Kirsten Menking conducts research on past climate change, on landscape evolution due to climatic and tectonic processes, and on the impacts of urbanization on streams. For her dissertation she took part in a U.S. Geological Survey Project to study sediments from Owens Lake in eastern California where she reconstructed cycles of glaciation and lake level change over the last 800,000 years. More recently she has worked on the climate record contained within Lake Estancia in central New Mexico and on the late glacial and Holocene history of southeastern New York. The latter work has taken her to lakes in the Shawangunk Mts. and to Lozier Pond, a small lake from which the Hyde Park mastodon was unearthed in 2000.  With colleagues in Geography, Biology, Chemistry, and Urban Studies, she also carries out investigations on road salt and nutrient contamination of streams in Dutchess County, New York. 

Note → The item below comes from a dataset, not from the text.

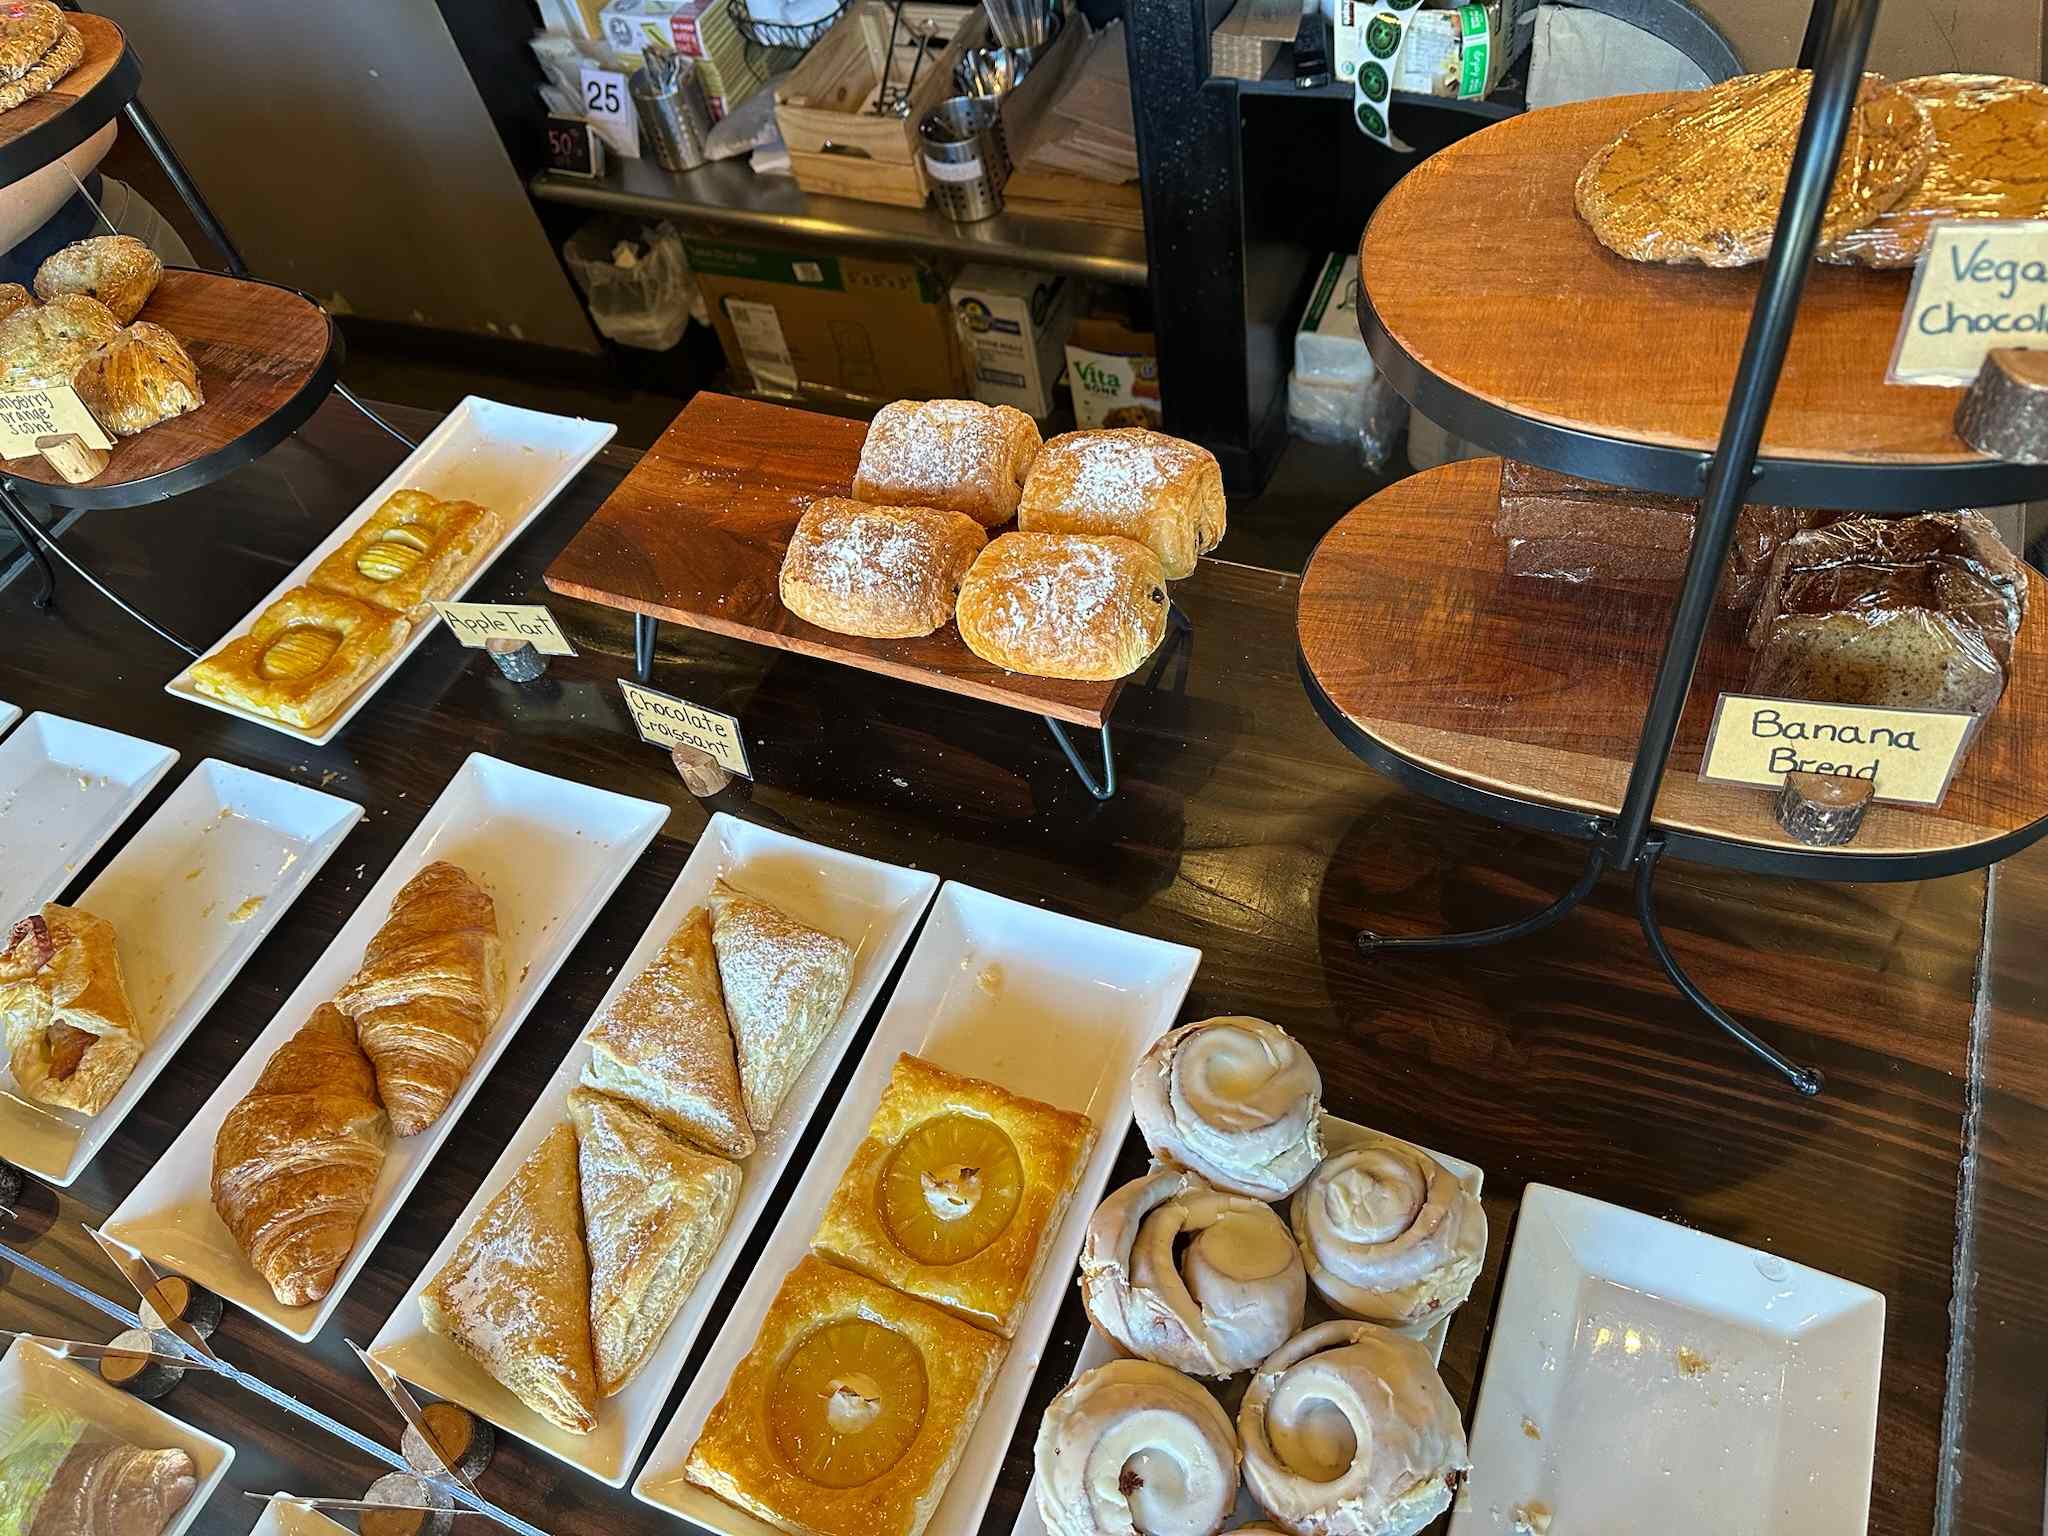 A display of pastries at Bequest Coffee.

After obtaining her Ph.D., Kirsten worked as a visiting assistant professor at Franklin and Marshall College in Lancaster, PA where she co-authored an environmental Geology textbook with colleagues Dorothy Merritts and Andrew DeWet, currently in revision for a second edition to be published in 2014. Kirsten joined the faculty at Vassar in the fall of 1997. She teaches courses in introductory environmental geoscience (Earth, Environment, and Humanity), introductory environmental science (Essentials of Environmental Science), surface processes and the evolution of landforms (Geomorphology),  groundwater flow and contamination (Water), deformation of rocks (Structural Geology), and Earth's history of climatic change (Paleoclimatology).  She has also taught a number of fieldtrip courses through the Environmental Studies program, taking students on excursions to the Pacific Northwest, Bahamas, and Louisiana to study a range of environmental phenomena and problems.  In teaching, she enjoys relating the material to students' everyday experiences and using hands-on experiments to illustrate Earth and environmental science principles.